3.9. B-Cell Epitope Prediction

B-cell epitope prediction was obtained for the peptide KAIELAGTLTLTGTP (15 mer) through the sequence-based approaches, and values are anticipated with different parameters, ranging from −0.6464 to 1.137. These values are the different propensity scores and predicted with a threshold ranging from −0.352 to 1.037 (Figure 9). The Kolaskar and Tongaonkar antigenicity scale was employed for evaluating the antigenic property of the peptide with a maximum of 1.072. The antigenic plot is showed in Figure 9(a). Peptide surface accessibility is another important benchmark to meet up the criteria of a potential B-cell epitope. Henceforth, Emini surface accessibility prediction was employed, with a maximum propensity score of 1.137 (Figure 9(b)). To reinforce our provision for the prediction of the epitope to elicit B-cell response, the Parker hydrophilicity prediction was also employed with a maximum score of 1.086 and is depicted in Figure 9(c).

Figure 9: B-cell epitope prediction. (a) Kolaskar and Tongaonkar antigenicity prediction of the proposed epitope with a threshold value of 1.037. (b) Emini surface accessibility prediction of the proposed epitope, with a threshold value of 1.0. (c) Parker hydrophilicity prediction of the epitope, with a threshold of −0.352. Notes: the x-axis and y-axis represent the sequence position and antigenic propensity, respectively.
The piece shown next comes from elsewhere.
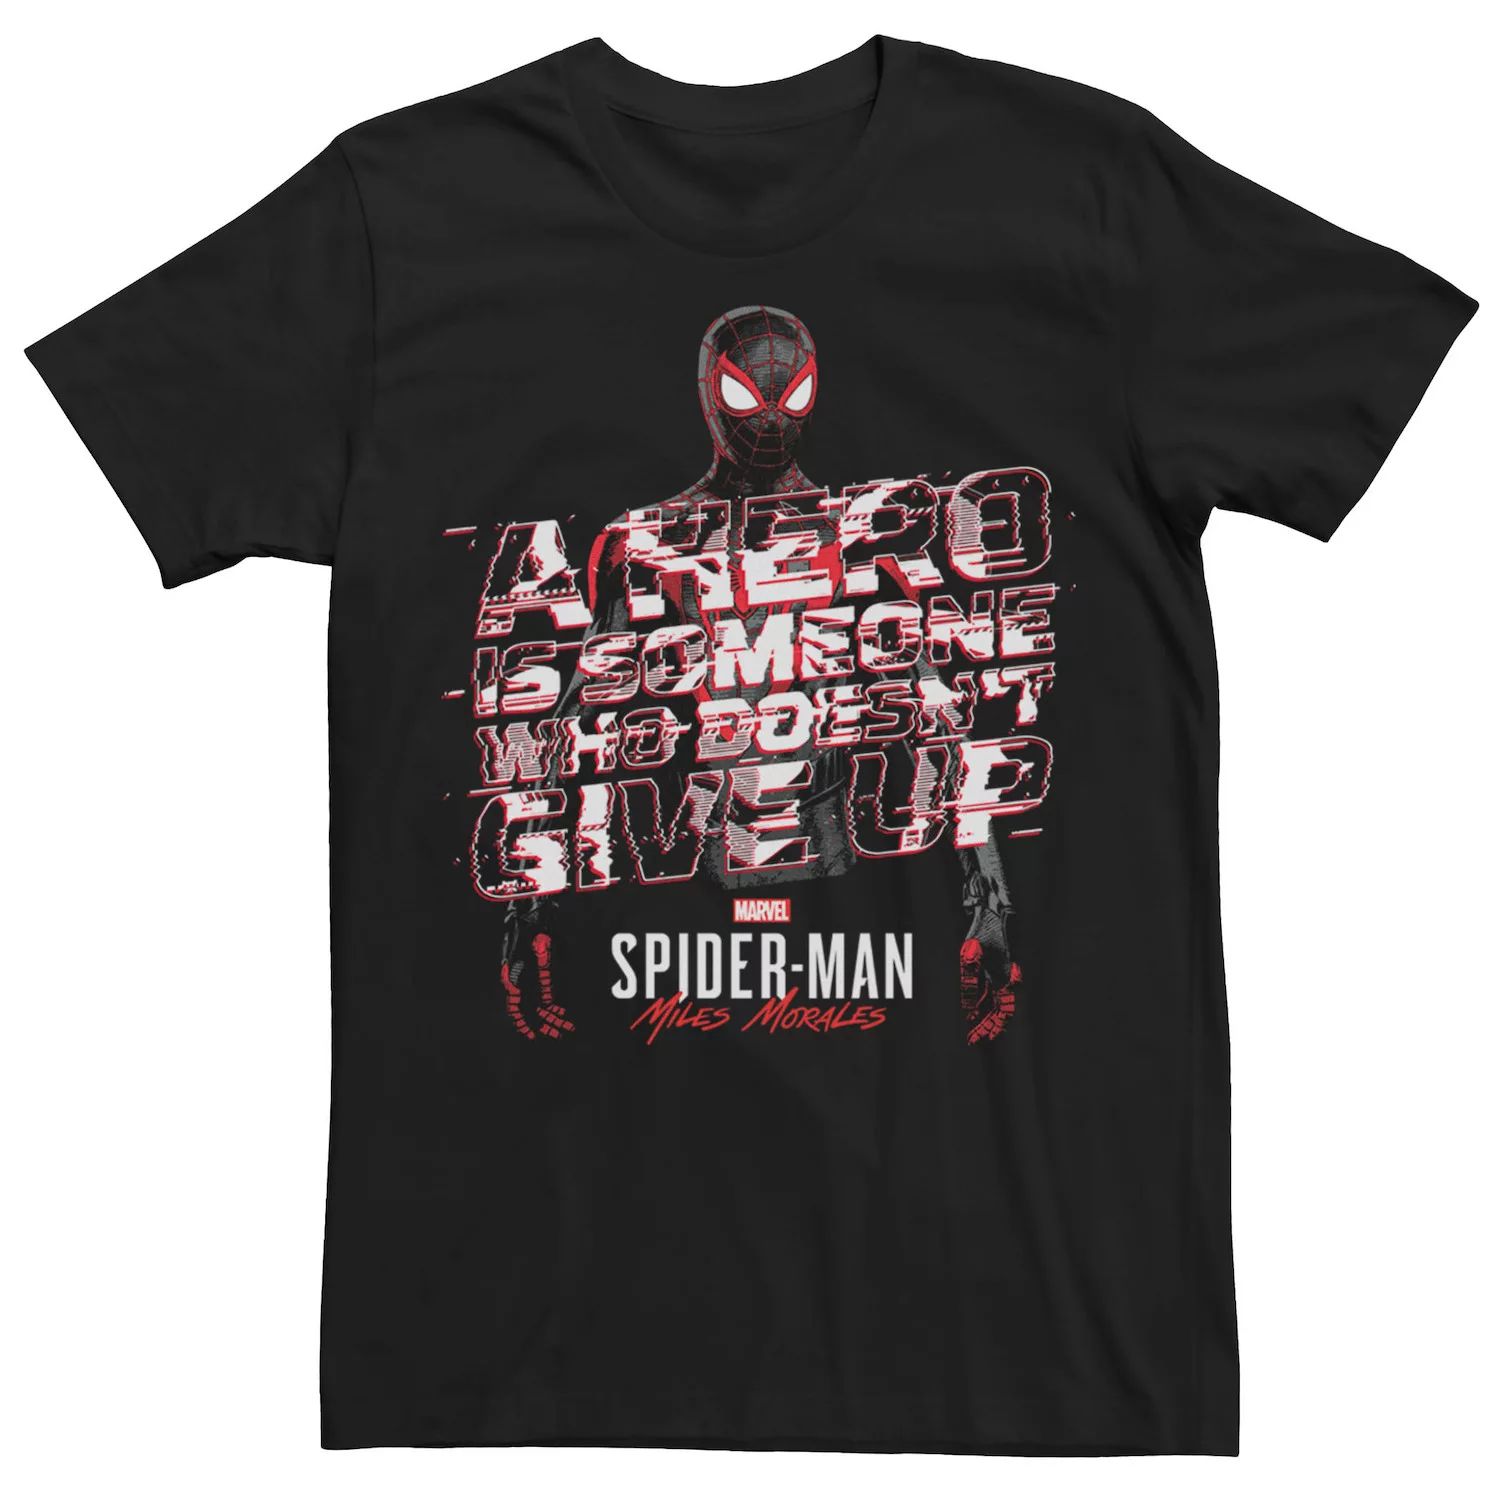 Мужская футболка с надписью «Человек-паук Майлз Моралес» Marvel набор marvel человек паук майлз моралес стражи галактики marvel для ps5

The regions above the threshold are antigenic (desired), shown in yellow.

4. Discussion

Enteric infections are the foremost cause of sickness and impermanence throughout the world, and only the Shigella infections resulted in over a million deaths annually [2]. The ever rising multidrug-resistant (MDR) strains of the Shigella bacteria area unit are another international concern for the researchers to search out a brand new resolution for preventing the deaths [50, 51]. Recently, there are several studies that focus on the development of the vaccine against Shigella and continue in the clinical trial. Most of them use attenuated and inactivated preparation of the bacteria for eliciting immune responses which has some potential escape risk [5254]. In this study, we have tried to find out alternatives to treat this global burden through vaccinomics approaches and targeting the immunogenic and toxic protein SigA. The sequences of different strains of Shigella showed that there is a little island of conserved sequence throughout the species [55], and we have focused on that target for designing the vaccine candidate. The orthologous entry search of our targeted protein revealed no significant similarity with human pathogens and other closely related pathogens. These results further strengthen our prediction through confirming no cross immunity.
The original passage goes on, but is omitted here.